А что одна, уже не может вспомнить. Я выскальзываю из его лап, отползаю подальше:
– Все, старик, успокойся. Уже все, все закончилось. Ни одной больше. Все, расслабься. Отпусти это и живи дальше.
Он забился в угол, прижал к груди колени. Мальчик тоже притих и уполз за печку.
Лучина угасла. Я на ощупь нашел дверь и впустил свет в избу.
Восходящее солнце очертило в углу старика. Тот заслонился руками от красных рассветных лучей, все его тело как-то опало, мышцы исчезли, остатки вековой бороды тлели прямо на его лице.
– Видишь? Все не так страшно. Извини, я погорячился тогда.
Досадно с ним говорить. И на него досадно, и на себя. Действительно, не обязательно было так делать. Но разозлил же он меня. Сил не было смотреть на стариковскую рожу с его нотациями. Как надо, что надо, аналитик нашелся. Что его дернуло мой текст править? Ну не идеальный текст, но хороший ведь. Любопытно читался, проскальзывал.
Как тут устойчиво все, в обрезанной петле. Просто, легко фильтруется. Если есть что-то, то оно есть, вполне уверенно. Никакого мутного тумана. Лес на горизонте.
– Эй ты! – окликает меня старик сиплым дребезжащим голосом. – Я знаешь что тебе скажу? – говорит и ползет на четвереньках к распахнутой двери навстречу солнцу. – Ты меня проклял. Теперь я тебя прокляну.
Кряхтит, подползает к моим сапогам, в красном солнце жмурится.
– Останутся одни вспышки… Одни? Одна, одна… – беспокойно задергался, коснувшись тревожного воспоминания.
Но не помнит уже, что одна-то.
– Чшш, господин Б, все в порядке. Видите, как все тут внятно, детально. Все хорошо. Больше не одна. Много.
Он смотрит на меня снизу вверх с пугливой злобой, схватился руками за полы моего плаща:
– Ты не знаешь, где я был, и что я там видел… – скалит зубы.
– Да ладно вам, я же извинился. Все в прошлом же. Сейчас все хорошо.
Пытаюсь мягко отделаться от него.
– Но я должен быть честным, – вдруг говорит, понизив тон. – Я видел конец, и это пошло.
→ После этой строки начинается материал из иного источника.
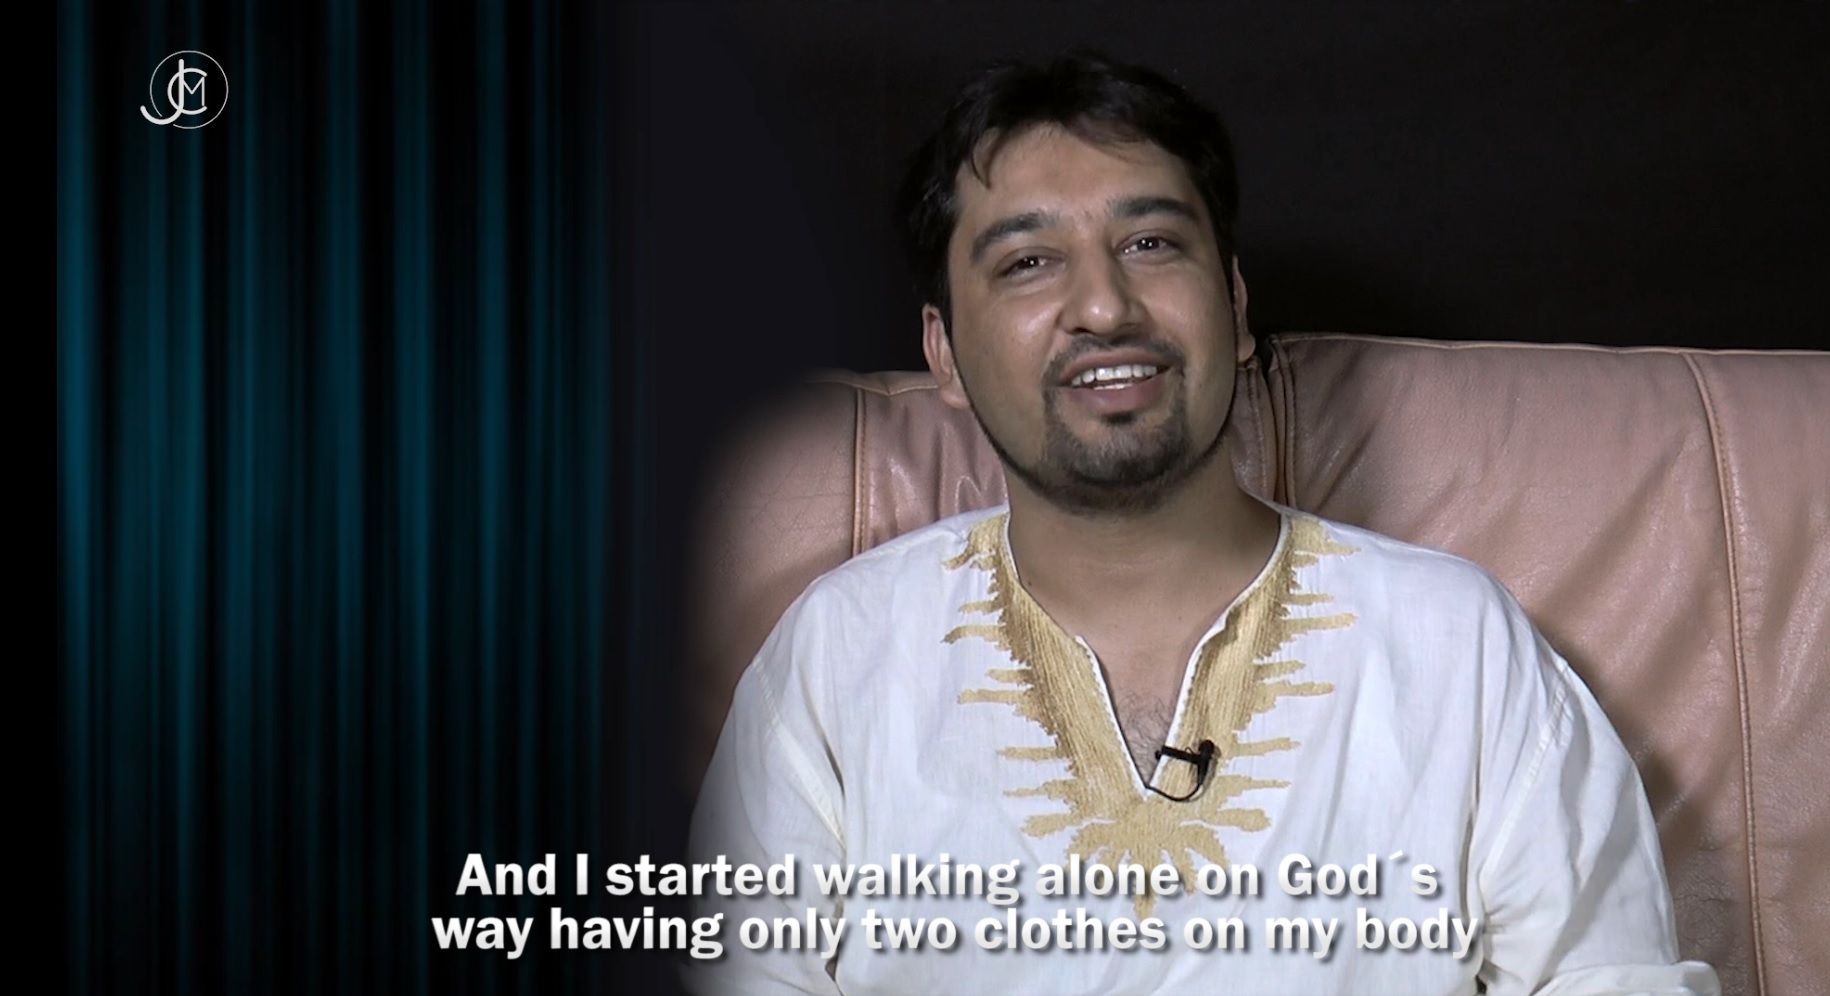 اسلام سے مسیحیت - ایک پاکستانی مسلمان کا کانٹوں سے بھرا سفر - مسیحی راہ پر چلنا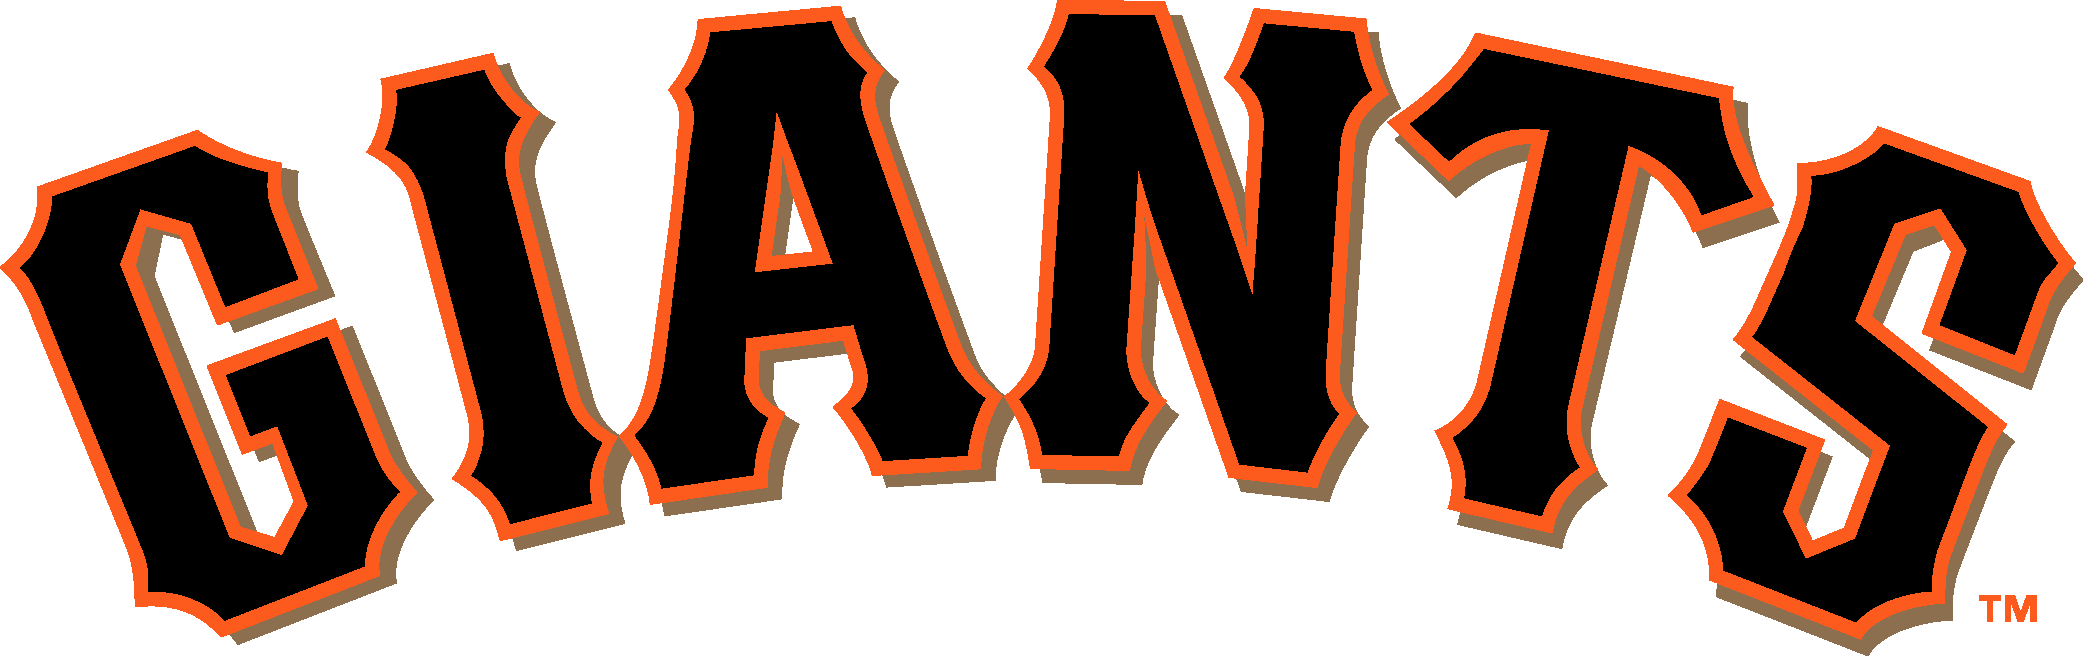 San Francisco Giants Logo png

Вот тебе мое проклятие: пошлый конец. Голливудский тебе конц. Хотел непостижимую Русь – а вышел примитивный сюжетик. Все тонкости выпадут – одни… одни вспышки останутся. И выйдет все как всегда, когда раненный герой, победив зло, поднимается на высокую гору в монастырь своего умирающего учителя, смотрит ему в глаза и понимает, что он и был тем тигром, с которым герой сразился в детстве, – выпалил очередью старик и затрясся мелким дребезжащим смешком.
– И теперь, – вытирает выступившие в морщинистых глазах слезы, – теперь по-другому его и не увидишь. Оооох. Вот тебе моя «одна строчка», – отдувается. На четвереньках стоит, тяжело дышит.
Кажется, отпускает его понемногу. Мальчик из избы не подает голоса. Старик разберется с этим сам. Травму ребенку нанес.
– Так и будет, – говорю ему. – Ты заслужил, чтобы было по-твоему. Но ты думаешь почему-то, что они это не схавают.
– Ааааа, – лыбится старик и пускает радостные пузыри из растрескавшихся губ. – Снова оправдываешься! Боишься! Страшно тебе! – подпрыгивает на четвереньках и смеется, трясет головой, как радостная шавка. – Оправдываешь свою вульгарщину моим ртом! Хаха! Трус! Трус! Трусишка!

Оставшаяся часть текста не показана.